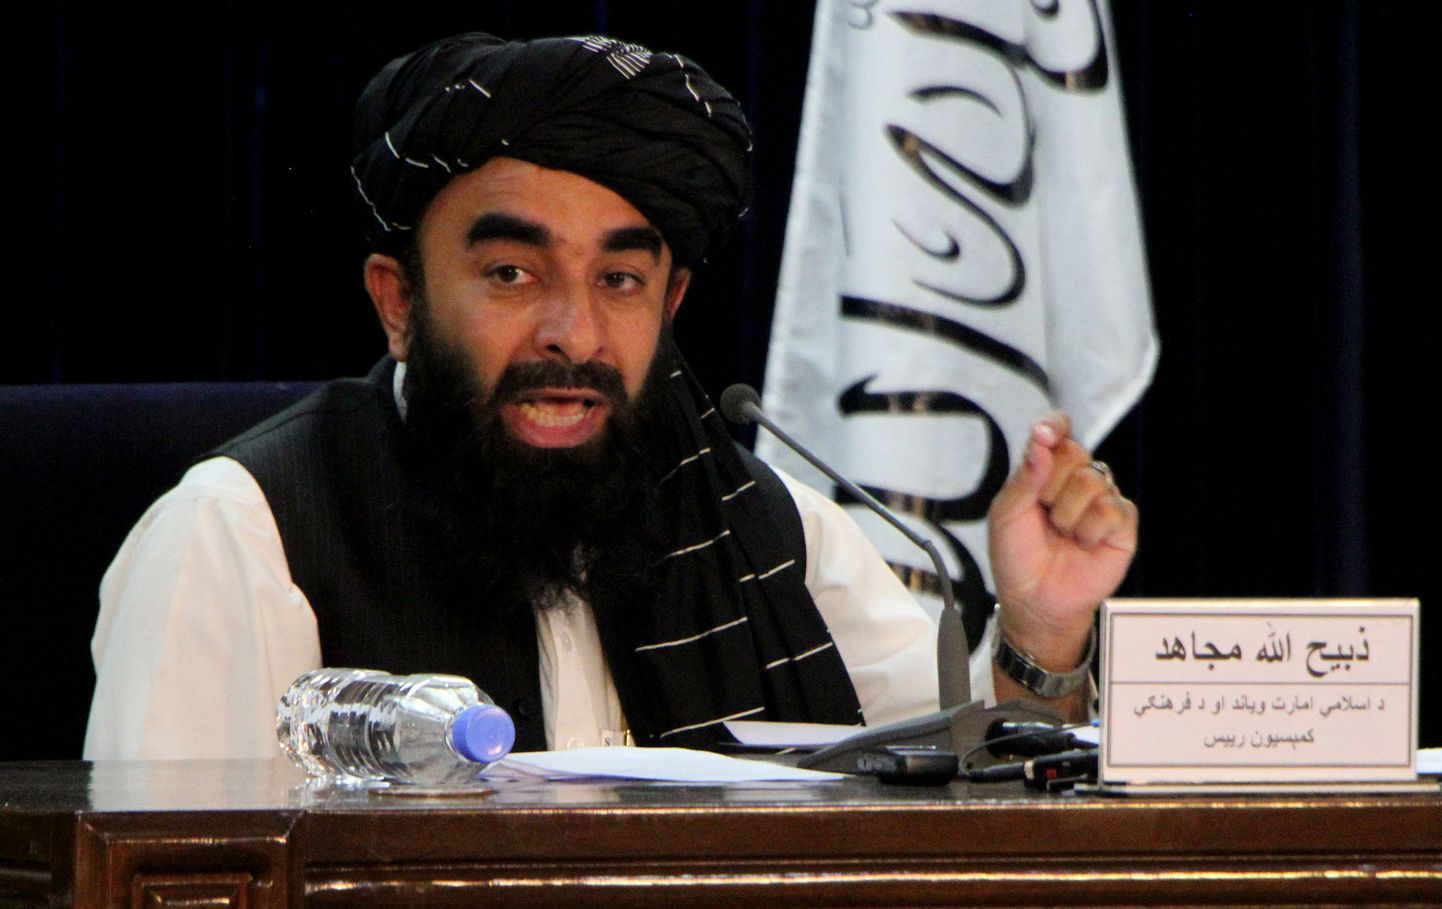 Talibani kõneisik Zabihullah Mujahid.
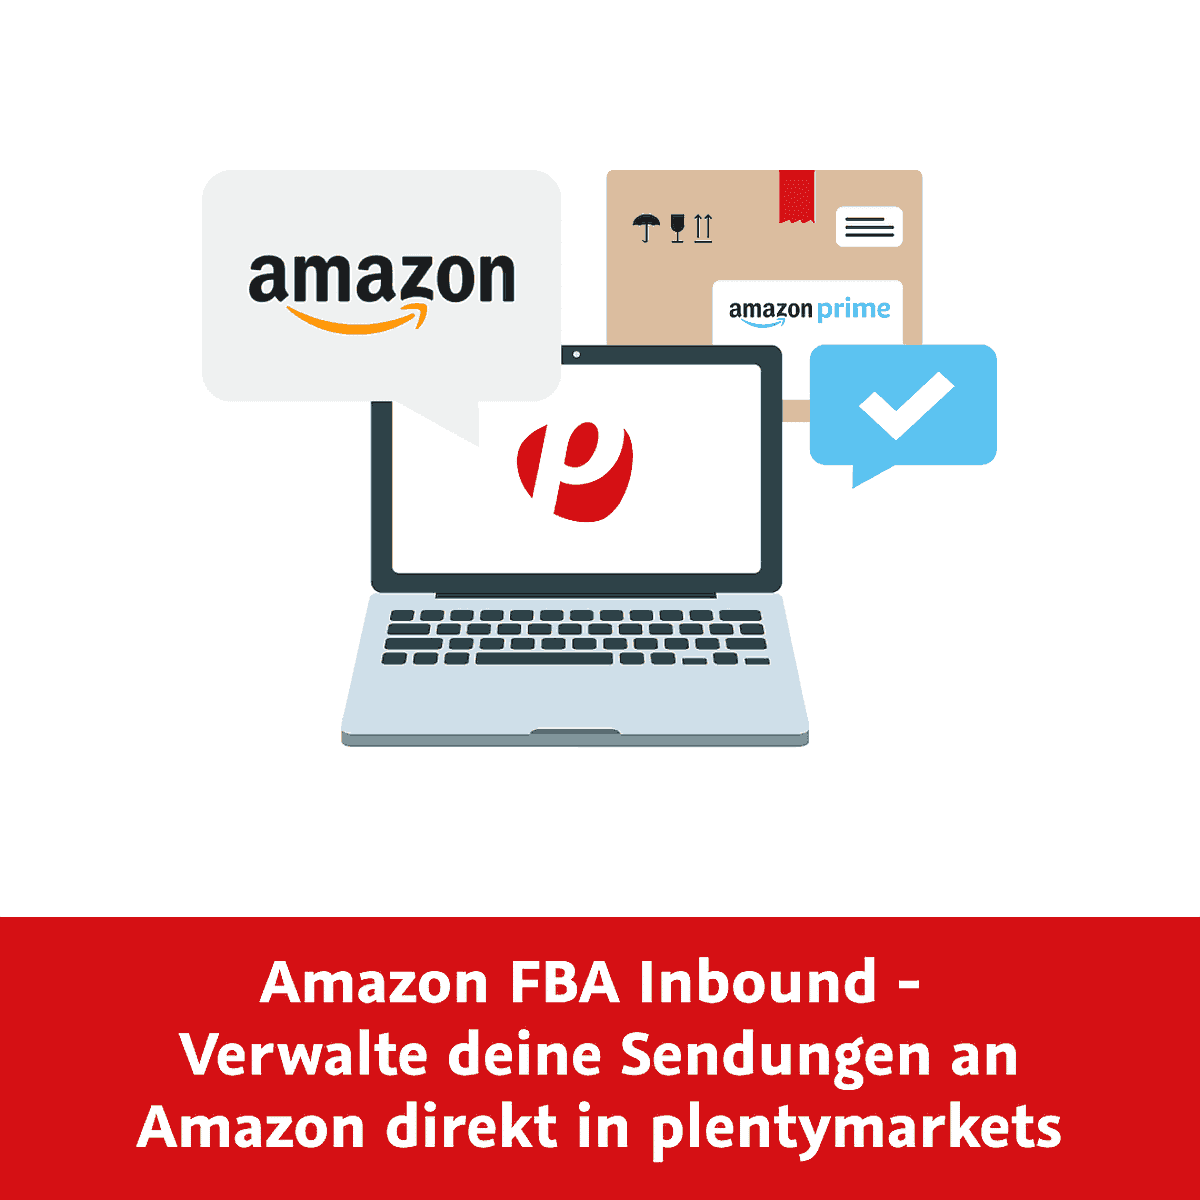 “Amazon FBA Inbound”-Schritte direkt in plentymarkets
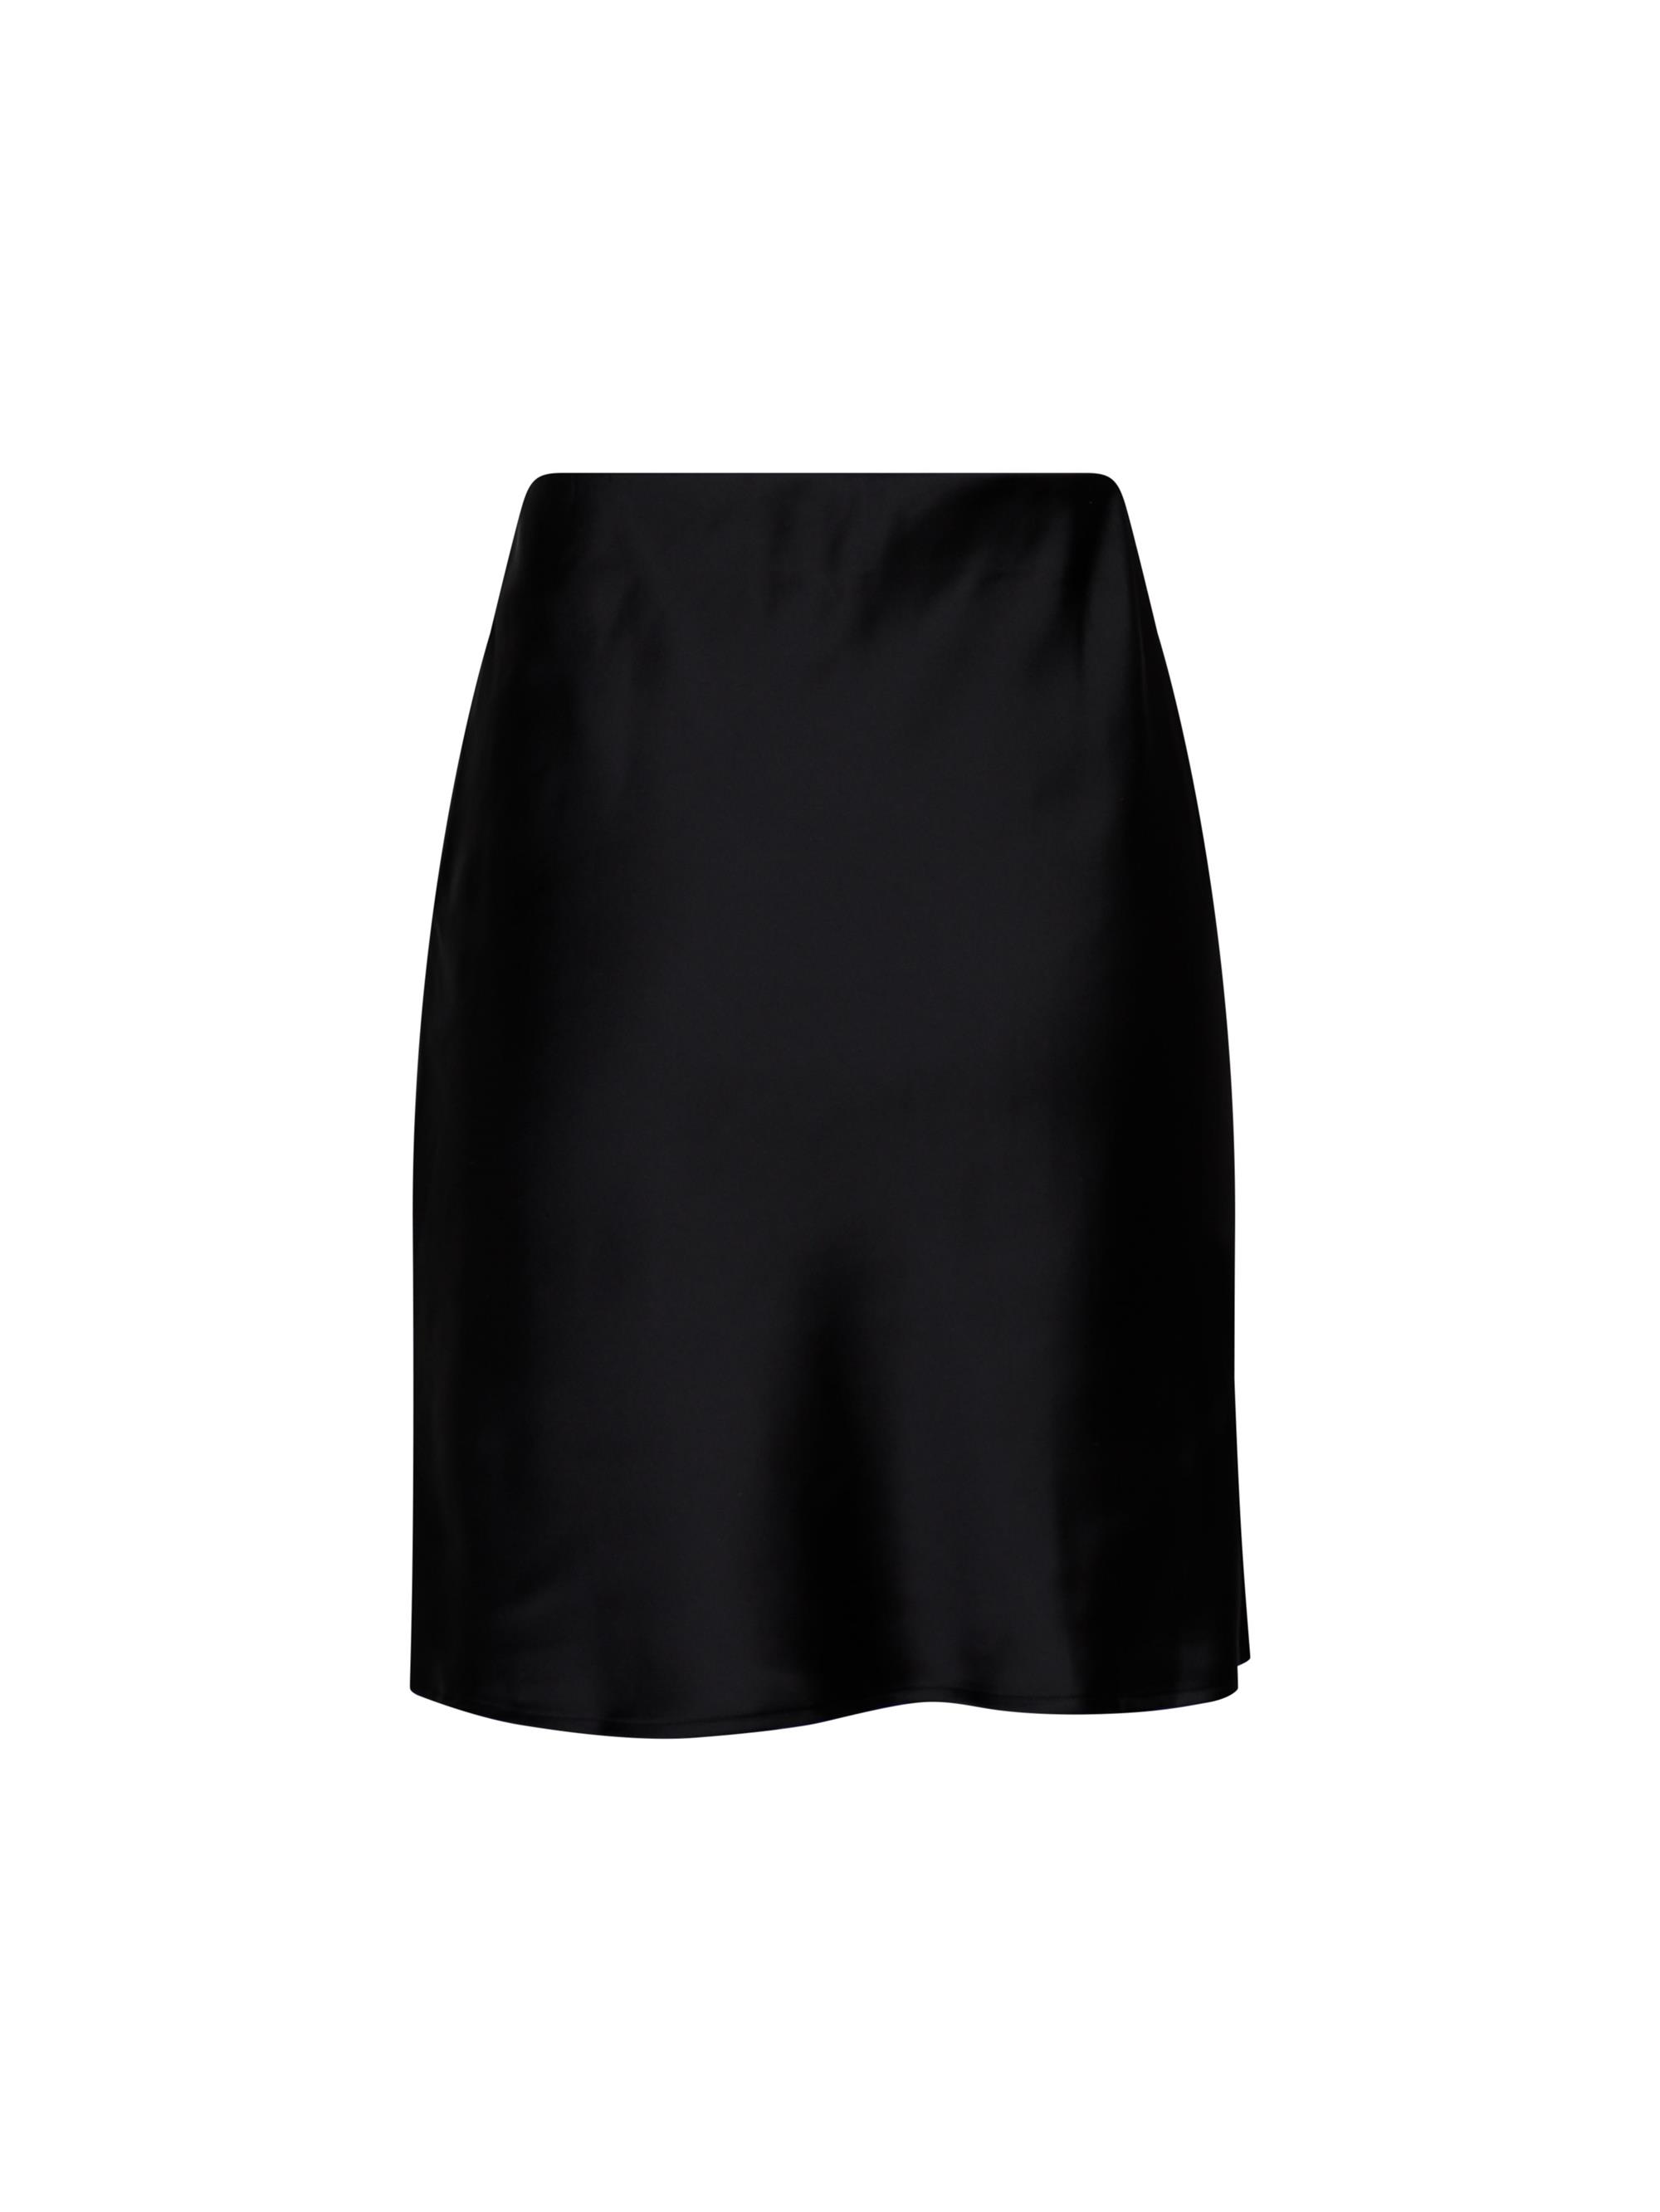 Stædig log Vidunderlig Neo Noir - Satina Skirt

# WORK REQUEST:
The line containing "direkt in plentymarkets" marks the start: set down exactly that line and every line after it through the last line of the data, without any pictures.

# YOUR RESPONSE:
 “Amazon FBA Inbound”-Schritte direkt in plentymarkets
 Stædig log Vidunderlig Neo Noir - Satina Skirt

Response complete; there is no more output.